Laurent Naouri © Kurt Van Der Elst / OnP Comment mieux servir cette musique qu'en la confiant à celle qui la connait sans doute le mieux : Susanna Mälkki. La cheffe finlandaise, qui avait déjà dirigé la création de Quartett à Milan, nous immerge dans ce monde sonore fascinant avec une maitrise et une conviction étonnantes. L'orchestre de l'Opéra de Paris, confronté à cette création, mais qui a pu bénéficier de la présence - et donc des conseils – du compositeur pendant tout le temps des répétitions, déploie des sonorités enthousiasmantes, quels que soient les registres sollicités.
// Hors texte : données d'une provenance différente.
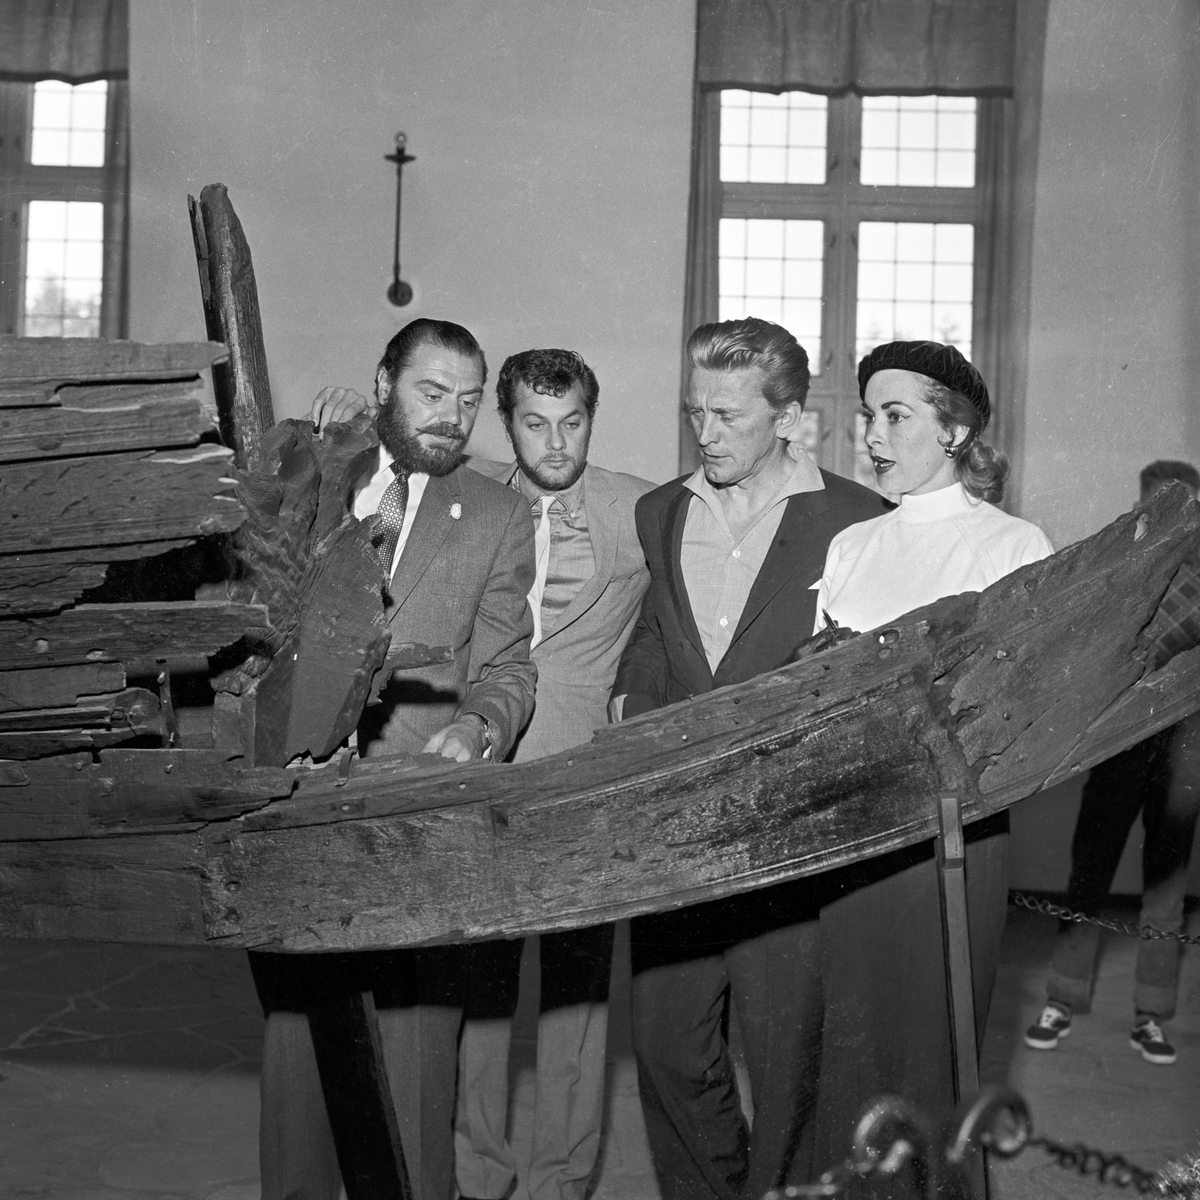 Serie. Skuespillere fra filmen "The Vikings" på museumsbesøk. Fra venstre Ernest Borgnine, Tony Curtis, Kirk Douglas og Janet Leigh. Fotografert mai 1957.

Le plateau vocal ne se voit pas toujours ménagé par Francesconi et certains interprètes doivent se mesurer à un orchestre quelquefois débordant d'énergie. Ainsi du ténor Cyrille Dubois, Lucien de Rubempré, en début de spectacle du moins. Car ce merveilleux artiste qui possède un timbre et une élocution attachants comme une technique irréprochable, se coule vite dans la peau du jeune dandy ambitieux. Et lui apporte une aura de grâce qu'on croyait réservée au répertoire bel cantiste ou au baroque. Son Esther, Julie Fuchs - pour sa première création – dispense un chant dont la pureté égale l'assurance. On sait gré à Francesconi de ne pas avoir nanti son personnage principal féminin d'aigus stratosphériques comme souvent. Le soprano lyrique se teinte d'aigus filés dans le dernier monologue, et cela est bien suffisant. Il fallait l'autorité, la présence et surtout la formidable diction de Laurent Naouri pour incarner le bagnard devenu prêtre et qui finit par se faire nommer chef de la police. Il y a quelque chose de méphistophélique dans l'incarnation de l'individu hors norme, protéiforme, jusque dans l'intonation ou la différence de prononciation, notamment à l'espagnole. Et la puissance vocale est stupéfiante. Les autres rôles sont distribués à des voix qui comptent (Béatrice Uria-Monzon, en Comtesse de Sérsy), ou ont compté (Ildikó Komlósi, en Asie). Si Chiara Skerath, Clotilde, a tendance à quelque stridence, Marc Labonnette, dans le banquier véreux Nucingen, à la limite du grotesque, donne le change. Ovation méritée aux rideaux finaux.